Einen Moment lang war sie wie gelähmt, dann brachte sie schließlich eine Reihe von Flüchen hervor: „Wie kannst du es wagen, mir mein Essen zu stehlen?!“
„Ich werde Tang Chens Essen nicht essen.“ Ungeduldig schob ich sie weg und half Tang Chen, die bewusstlose Xiao Lian auf dem Rücken zu tragen.

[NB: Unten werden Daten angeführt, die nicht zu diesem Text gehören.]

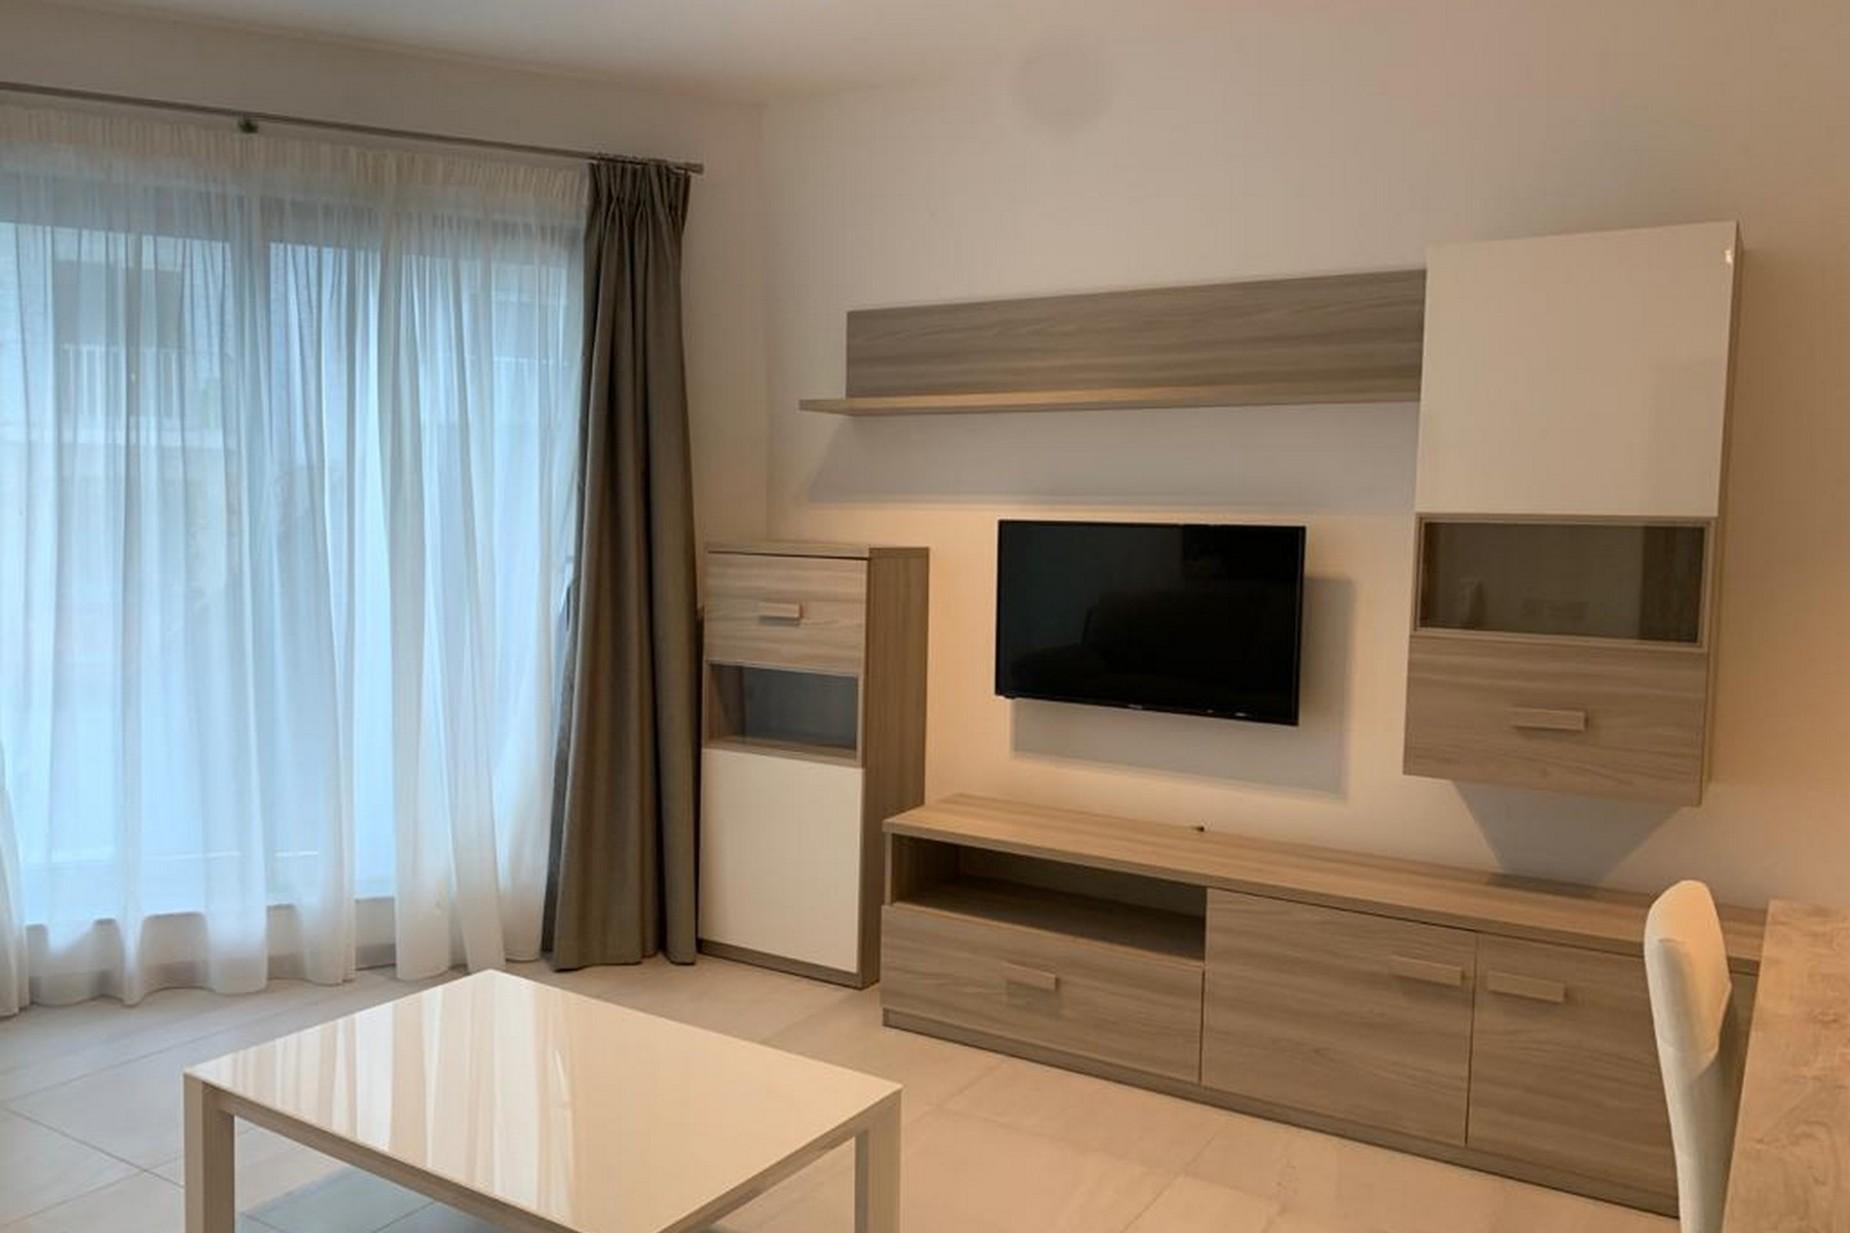 2 bed Maisonette For Rent in Swieqi, Swieqi - thumb 3

„Du hast es bereits markiert, und es ist das Zeichen des Teufelsvogels!“ Es folgte eine weitere Flut flüssiger Flüche. „Weißt du, was du getan hast? Was hast du getan? Hä?!“
Selbst nachdem ich Tang Chen und Xiao Lian wieder zur Schule gebracht hatte (und es mir endlich gelungen war, das Seil zu entfernen), ließ Huang E mich nicht in Ruhe. Über einen halben Monat lang murmelte und fluchte er unaufhörlich; er war außer sich vor Wut.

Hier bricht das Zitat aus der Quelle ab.